Red Fox Farm

Contributor

10 • Reflections

Volume 10, Issue 02
April 8, 2024

Carolyn and Johnny Davis have lived most of their lives on an 80 acre farm in Cotton Plant, Mississippi. It’s a beautiful place - peaceful and functional. My grandfather bought the land after high school, and says he just liked the look of it. He lived in a barn while going to college at Mississippi State until he was drafted into the army for the Vietnam war. When he got out, the farm was a place for my grandparents to get to know each other again and recover from the confusion, pain, and destruction of the war. In turn, they tended to the land, its water, and their cows. They could name all the trees - could tell you that black walnuts are toxic to farm animals but oak acorns are good for cows in moderation. On this farm, they raised two kids, five dogs, a horse, three cats, and hundreds of small Angus calves.

Though the land gave them spiritual and physical stability, it did not give them economic stability. As fewer people were expected to produce the same amount of food for the nation, politics and policy also financially devalued farming. As they aged, my grandparents got jobs off of the land for more stable sources of income. Yet farming continued to be their great joy and struggle.

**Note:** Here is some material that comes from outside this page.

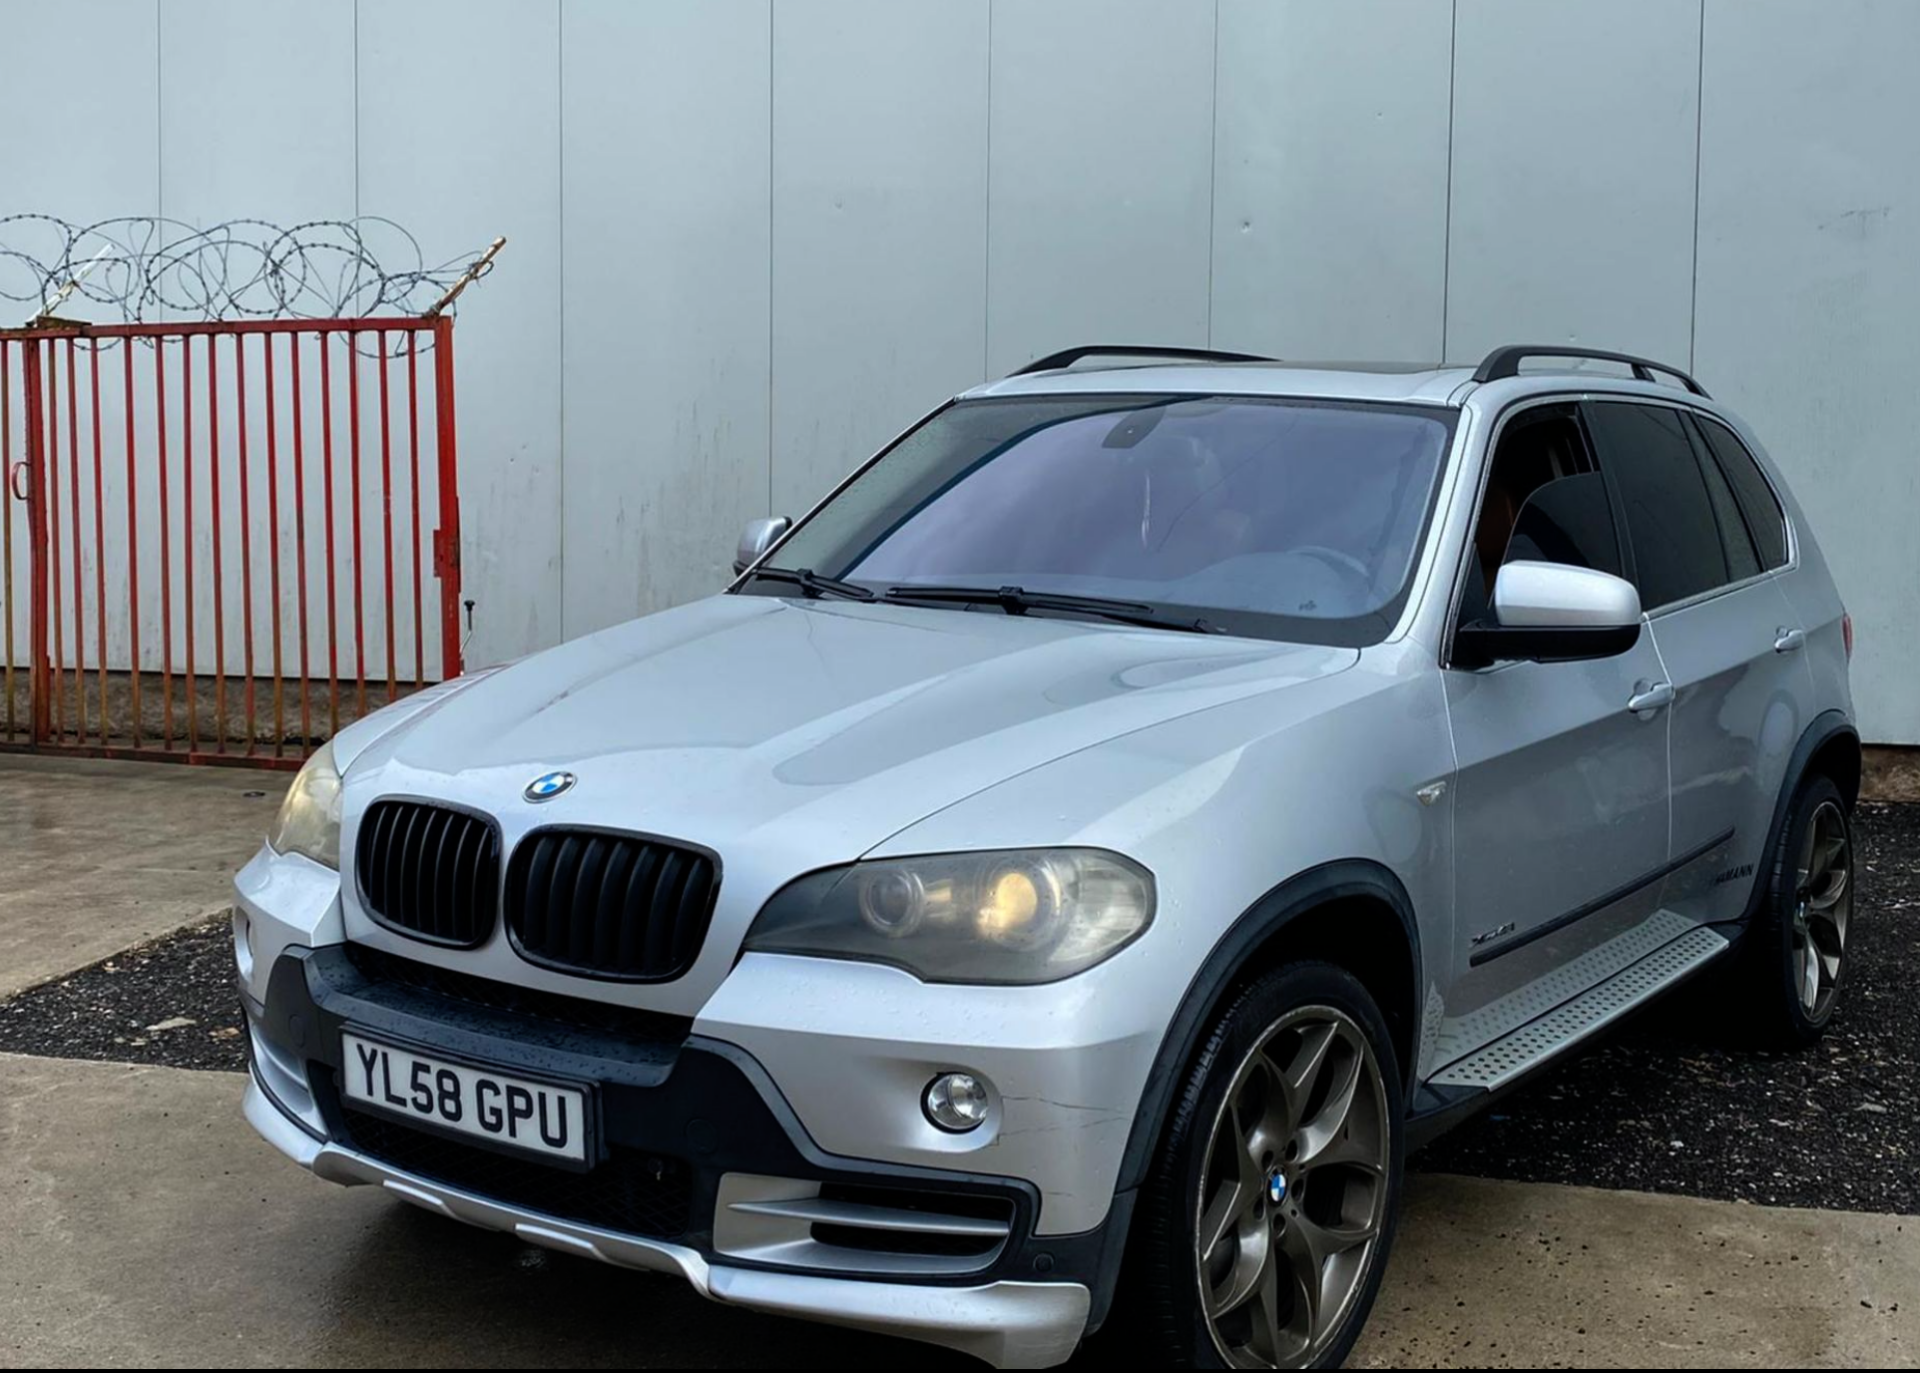 Lot 45 - 2009/58 REG BMW X5 4.8L PETROL AUTOMATIC SILVER, SHOWING 1 FORMER KEEPER - LEFT HAND DRIVE *NO VAT*
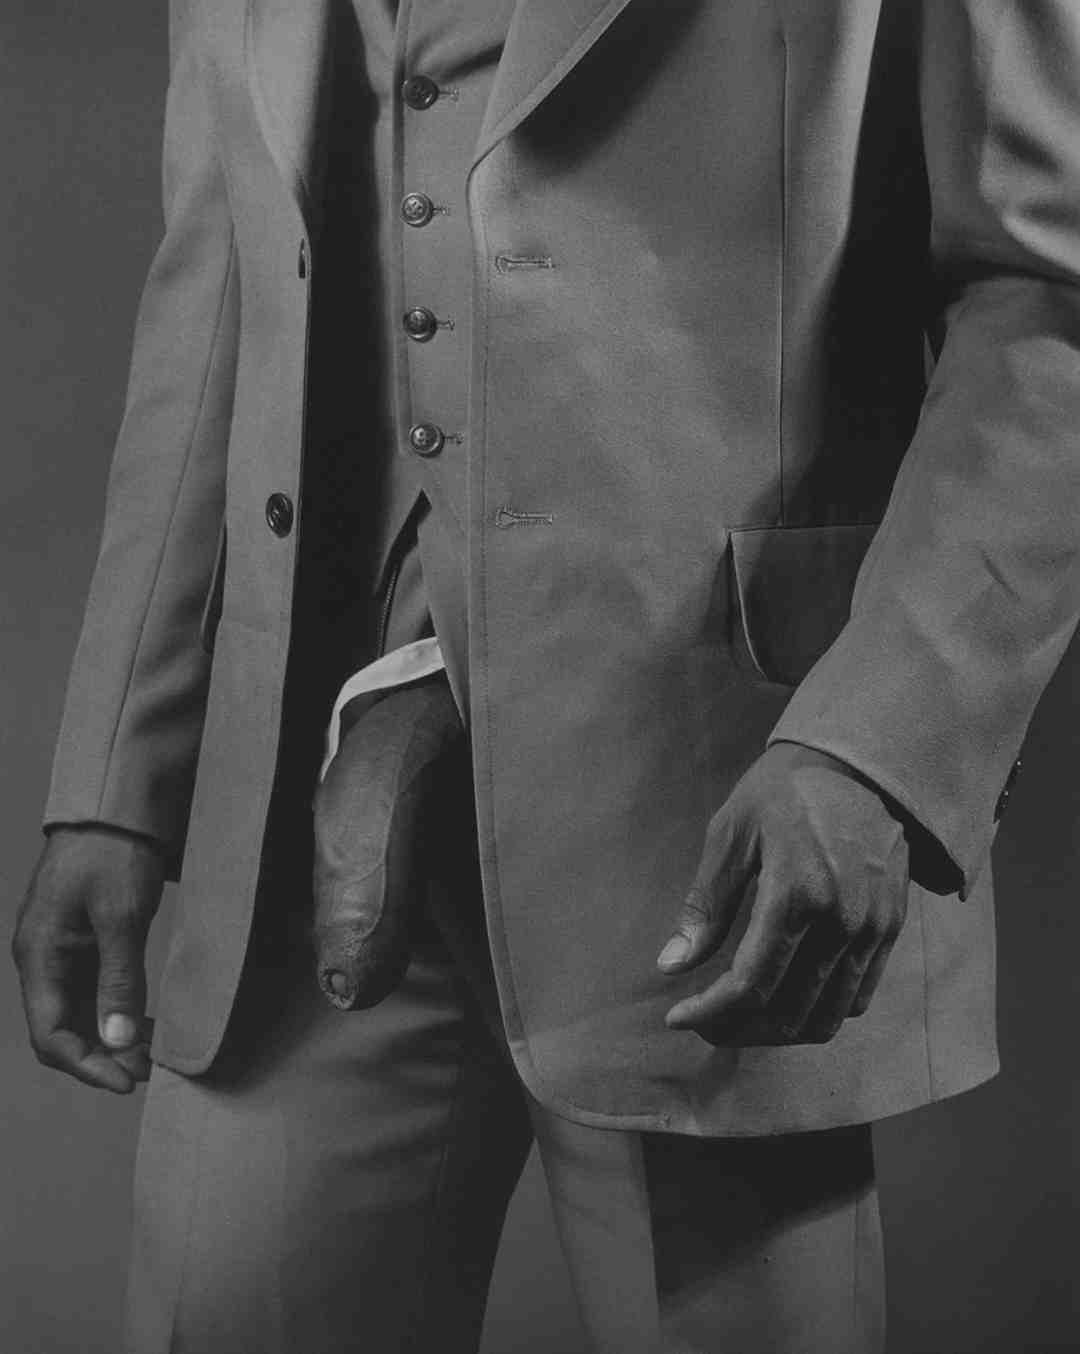 Robert Mapplethorpe, Man in polyester suite, 1980, cm 51x41, gelatin silver print, ed. 3/15, Courtesy Collezione Ettore Molinario, ©The Estate of Robert Mapplethorpe

I grew up playing on Red Fox Farm, snuggling farm dogs and grooming cows. Over the years, my grandparents advised my brother and I to get as much education as possible. They hoped for our lives to be freer from financial uncertainty and the stigma of rural living, wanted our outcomes to be less physically tied to uncontrollable land. They told us that there was a world to see “out there,” While they meant traveling to places they dreamed of, I took it to mean that the farm had nothing left to teach me.

I went to college and met amazing mentors. They helped me understand the gift of deeply knowing plants and animals through their contexts, stories, and even personalities. I learned that a life lived with the land can bestow these gifts, but the academy cannot. Yet in the environmental academy, farming is a large and rising field. Yale’s Environment and Divinity Schools both have their own farms on campus. Rewilding, agroecology, and permaculture are serious academic areas of study.

As my grandparents age and can no longer take care of their cows, my father wants to turn the farmland into a native flower nursery. My brother is getting a graduate degree in agricultural engineering. I’m studying animism and the relationship between spiritual and ecological knowledge at Yale. My grandparents are going through the blistering, frustrating, humbling, joyful process of aging. Someday, they will die, as we all will. I hope that when that happens, an agrarian spirit that values farming and tangible, inescapable relationships to the land of Red Fox Farm lives on.